The need for the Pregnancy Discrimination Act has only grown in the years since 1978. Today, the National Partnership for Women and Families reports that women are the primary breadwinners in 40 percent of households with children, and three-quarters of women entering the workforce will become pregnant at least once while employed.

That’s why 23 pro-life organizations filed a friend of the court (amicus curiae) brief this September supporting Peggy Young’s position. (I served as co-counsel on the brief.) The pro-life groups argue that under the text of the pregnancy discrimination law, pregnant employees must be treated as well as employees who have been accommodated and are “similar in their ability or inability to work”—for example, the three significant categories of employees that UPS had already given light-duty assignments.

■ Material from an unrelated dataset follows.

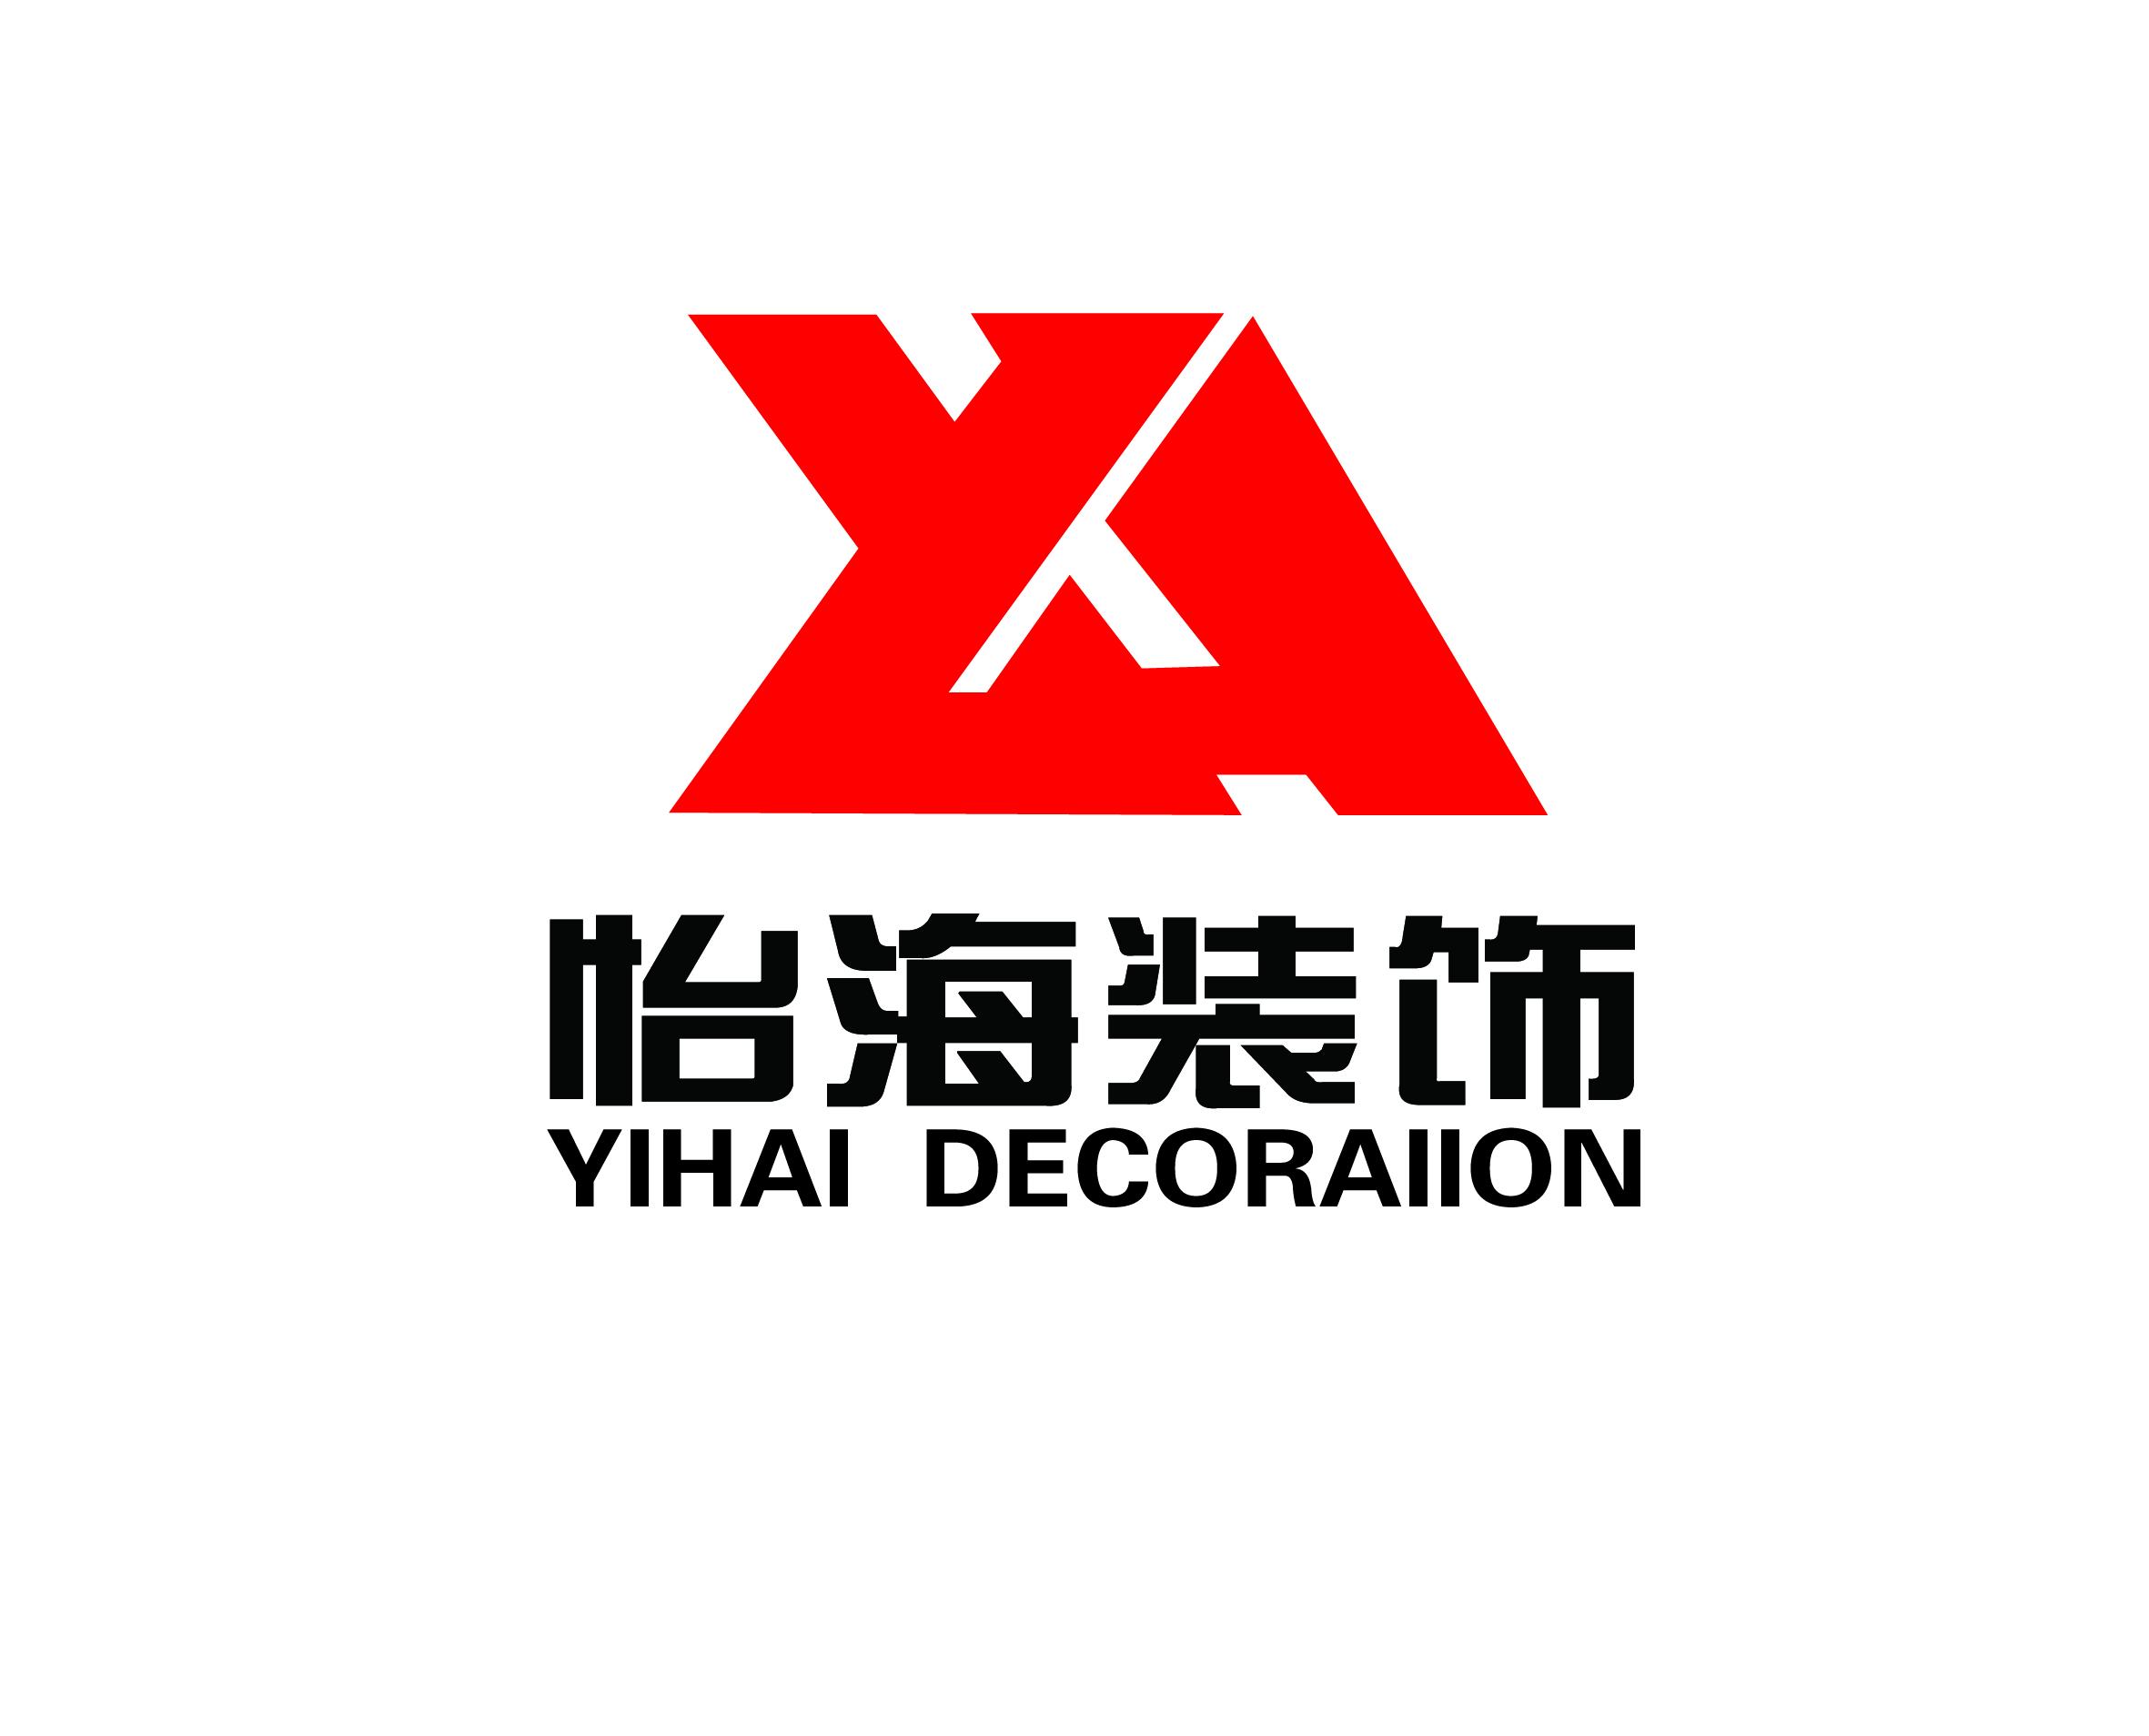 江苏怡海装饰工程有限公司

Pregnancy, the brief argues, should be treated as well as other conditions the employer deems worthy enough to accommodate—not as poorly as conditions deemed unworthy to accommodate. For pregnancy, the brief points out, is a very important condition: courts have repeatedly recognized that women (indeed, women and men) have a “fundamental interest” in being able to bear children and raise a family. The PDA should protect that interest from the economic pressure and insecurity—the threat of lost wages or benefits—created by workplace discrimination.

The brief emphasizes that the justices should follow the text and the intent of the PDA, but beyond that, it also stands as an important statement by anti-abortion groups: Protecting pregnant women is fundamentally pro-life. The 23 pro-life groups cut across the political spectrum, from Concerned Woman for America and the Southern Baptists to the Democrats for Life and Feminists for Nonviolent Choices. I hope that the message of this brief will resonate, and draw attention, in the broader society: supporting pregnant women is a pro-life cause, and pro-life groups of all kinds are strongly committed to it.

Thomas Berg is a professor at the University of St. Thomas School of Law in Minneapolis.